An employee's exposure to any material listed in table Z-1, Z-2, or Z-3 of this section shall be limited in accordance with the requirements of the following paragraphs of this section.

(c) Table Z-3:  An employee's exposure to any material listed in table Z-3, in any 8-hour work shift of a 40-hour work week, shall not exceed the 8-hour time weighted average limit given for that material in the table.

TABLE Z-3 -- MINERAL DUSTS
Substance Mg/M3
* * *
Inert or Nuisance Dust:
Respirable fraction ...... * 5 mg/M3

Total dust ............... * 15mg/M3


(e) To achieve compliance with paragraph (a) through (d) of this section, administrative or engineering controls must first be determined and implemented whenever feasible.   When such controls are not feasible to achieve full compliance, protective equipment or any other protective measures shall be used to keep the exposure of employees to air contaminants within the limits prescribed in this section. . . .

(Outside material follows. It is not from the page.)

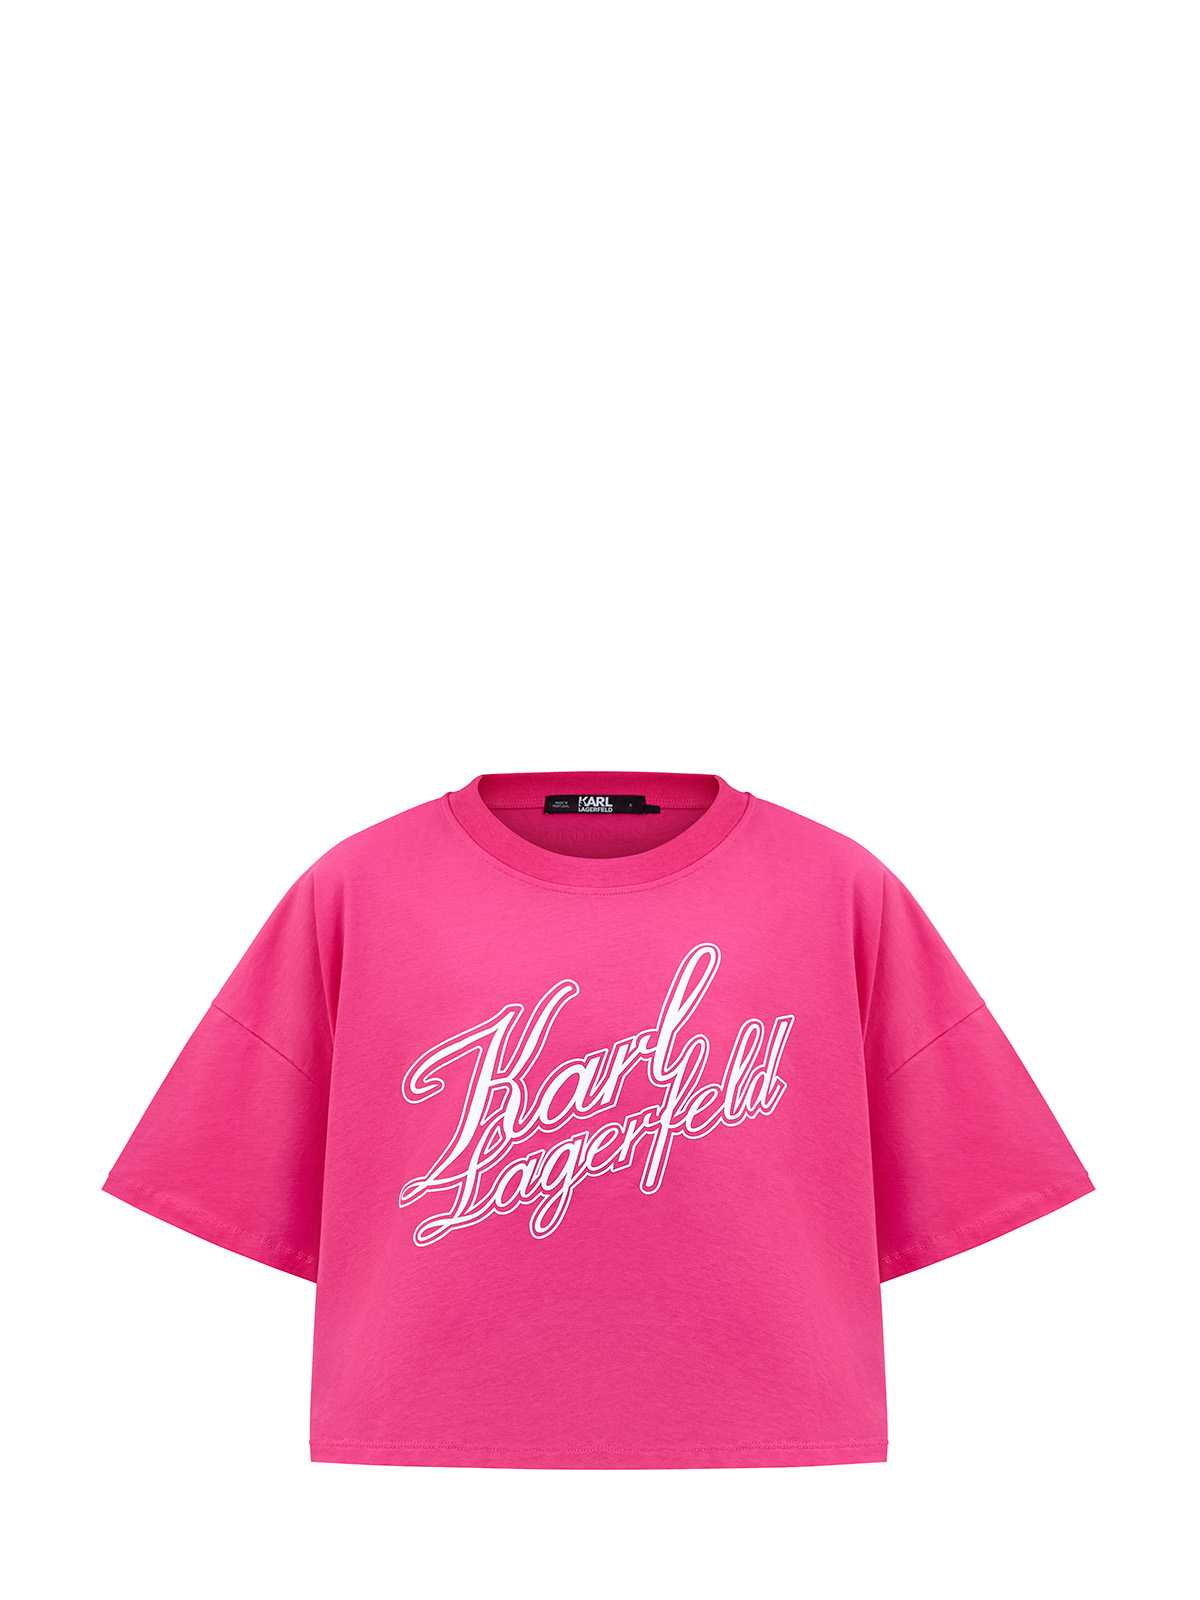 Укороченная футболка из органического хлопка джерси с принтом KARL LAGERFELD, цвет розовый, размер XS;S;M - фото 1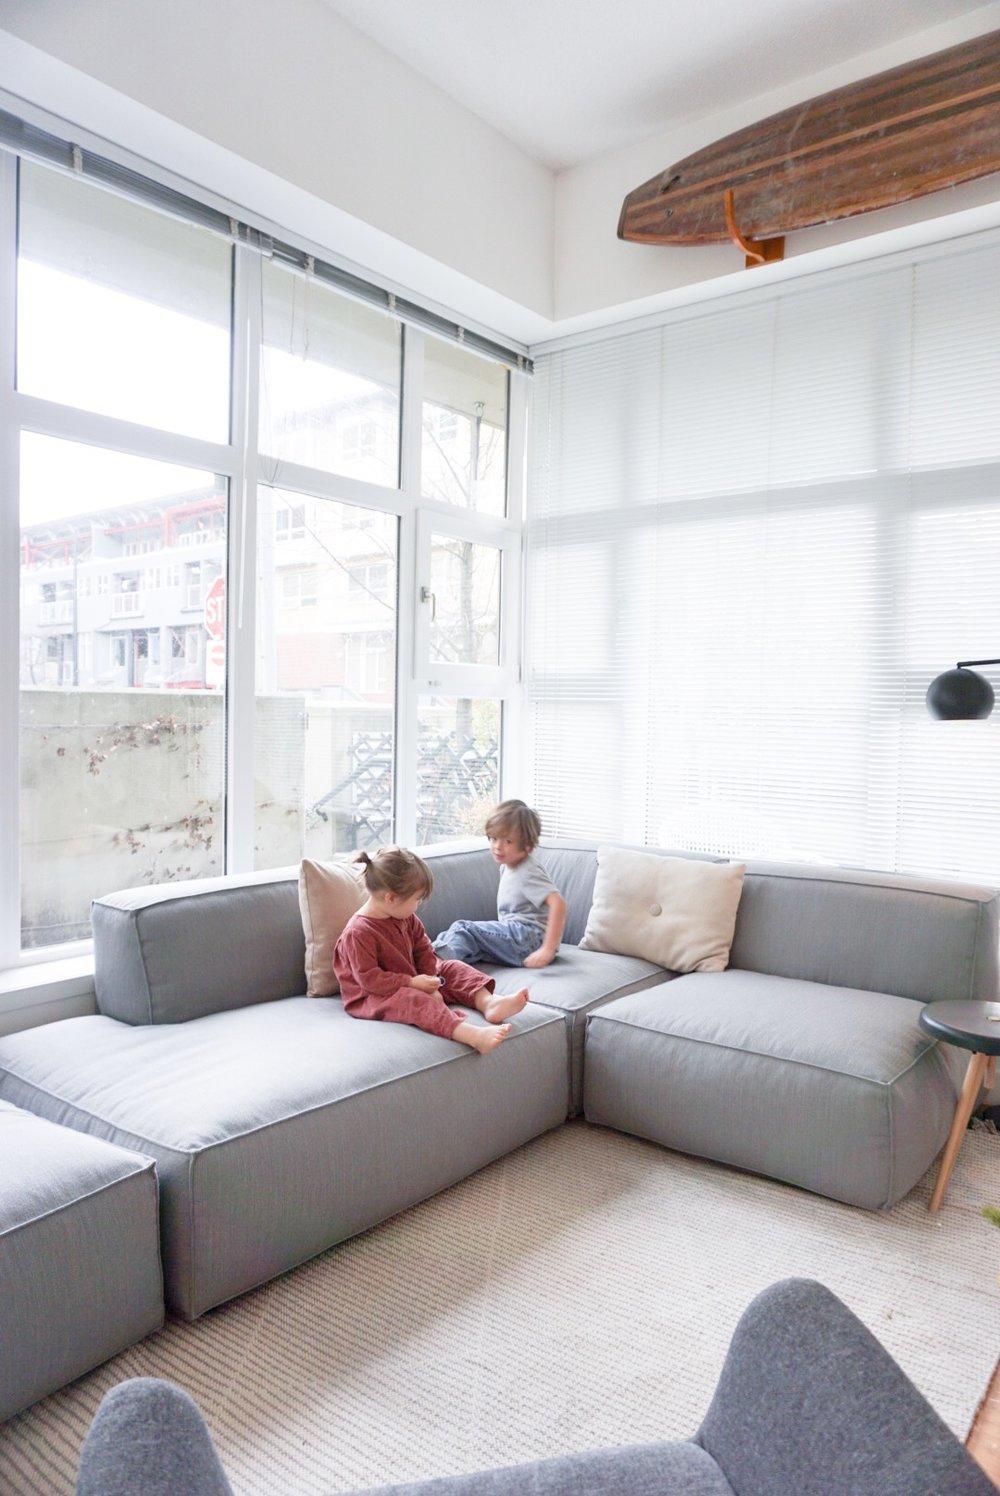 Ghế sofa modular phù hợp với không gian nhỏ của chúng tôi. Với thiết kế nhỏ gọn và đa dạng, ghế sofa modular sẽ giúp bạn tạo ra một không gian sống tuyệt vời trong ngôi nhà của mình. Với nhiều màu sắc và kiểu dáng khác nhau, bạn hoàn toàn có thể lựa chọn cho mình một chiếc ghế sofa phù hợp với phong cách và sở thích của mình.

[[2]] In response to a request for admissions filed by Krause Milling, the Secretary admitted that the "total particulate" referred to in his citation and complaint had been corn dust.  The Secretary also admitted that corn dust is an organic material, that it is not inert, and that it is not a mineral.

[[3]] This claim was also based on the Secretary's responses to the request for admissions.  The Secretary admitted that two memoranda and a program directive had been written by OSHA personnel concerning the scope of the inert or nuisance dust provision.  On June 30, 1977, C.R. Holder, Assistant Regional Administrator for Technical Support, stated in a memorandum that the provision could only be applied to mineral nuisance dusts because Table Z-3 is captioned Mineral Dusts."  On July 13, 1977, Richard P. Wilson, Deputy Director, Federal Compliance and State Programs, wrote in a memorandum that the position taken by C.R. Holder was correct.  On February 2, 1978, Wilson issued OSHA Program Directive #300-11 in which he cancelled his July 13 memorandum and declared that organic non-mineral dusts are included within the coverage of the inert or nuisance dust provision of the mineral dust standard.